Working with leading organisations to provide a global, independent and transparent view of catastrophic events
In partnership with the University of Reading and the University of Exeter we applied our significant experience in windstorm modelling to create a historical extreme wind storms (XWS) database.
The University of Reading provided information on windstorm intensity and tracks. The Met Office collaborated with the University of Exeter to provide footprint analysis at 25-km resolution, applying post-processing techniques for a better representation of what happened than can be provided by observations alone.
The project benefited from collaboration with insurance industry participants, and 25-km resolution footprints of the 50 most intense storms are now available free of charge.
Further information on the project see The XWS open access catalogue of extreme European windstorms from 1979 to 2012.
The Met Office and Lloyd's, the world's specialist insurance market, teamed up to promote the latest scientific research on North Atlantic hurricanes.

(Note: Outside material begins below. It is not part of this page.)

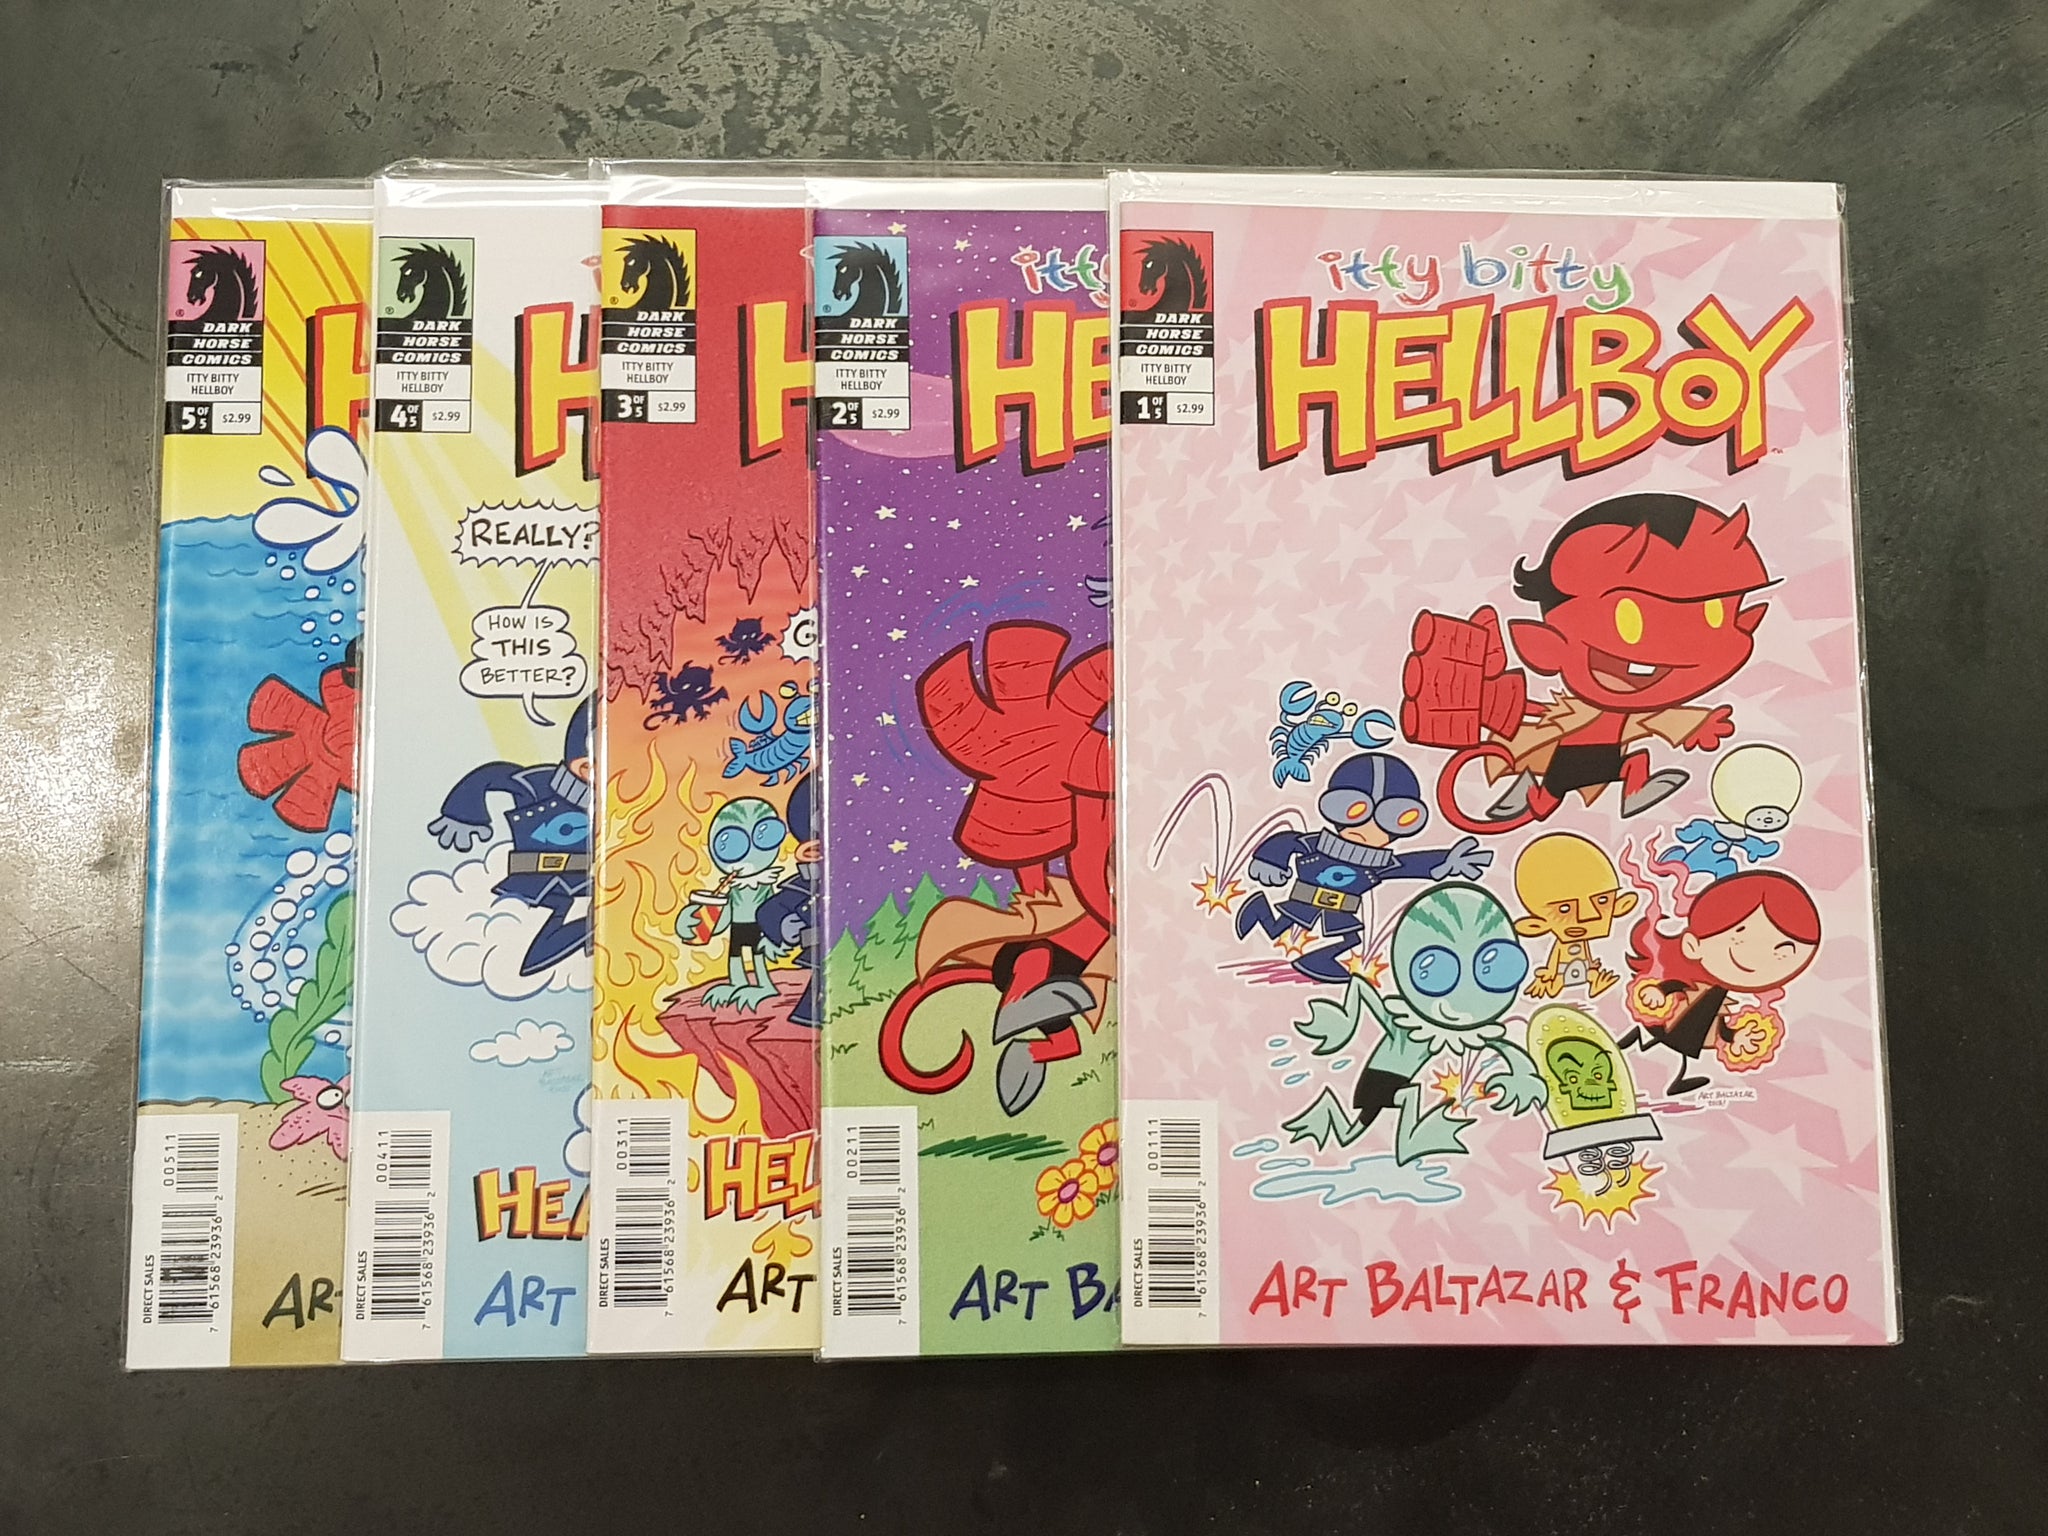 Itty Bitty Hellboy #1-4 NM Complete Set

Landfalling hurricanes in the US are the costliest of all natural hazards, with the total bill for Hurricanes Katrina, Wilma and Rita in 2005 reaching an estimated $90bn.
Hurricanes and Long-term Climate Variability, a report from Lloyd's and the Met Office, examines the latest research papers from a number of leading organisations.
The study explores how atmospheric climate and oceanic conditions influence the formation of powerful storms and what drives them to make landfall.
In recent years, we have made great strides in understanding the global climate and providing medium and long-range forecasts for the most destructive storms, like North Atlantic hurricanes.
This study presents the very latest knowledge on what drives changes in hurricane landfalling risks by examining the underlying physical causes. This approach takes steps towards the validation of some commonly used statistical relationships and will potentially find others.
Commissioned by the Light Hill Risk Network, we wrote a report to define and describe the cycle of El Niño and La Niña episodes and their worldwide impacts most relevant to the finance industry, highlighting in particular severe rainfall and tropical storm aspects.
This assists the financial industry to make more informed decisions through an understanding of the El Niño Southern Oscillation (ENSO). This oscilation shifts the risks of damaging hazards in recognisable ways and is predictable about six months in advance.
The Met Office is an active member of the OASIS Loss Modelling Framework (LMF) community which includes representatives from insurance and reinsurance companies, along with other parties interested in catastrophe modelling. The LMF is focused on creating open access catastrophe models for the global community.
To assess the financial impacts of climate change, we worked with The Association of British Insurers (ABI) and catastrophe modelling experts AIR Worldwide, to conduct a study. The focus was on the dominant natural hazards in the UK, wind and inland flooding damage, and typhoon damage in China.
We created a series of climate scenarios based on the current state-of-the-art climate model output, as well as a diverse range of published scientific research and data. The scenarios were then used by AIR Worldwide to adjust their catastrophe models - providing a unique insight into relationships between climate change and potential financial risk impacts.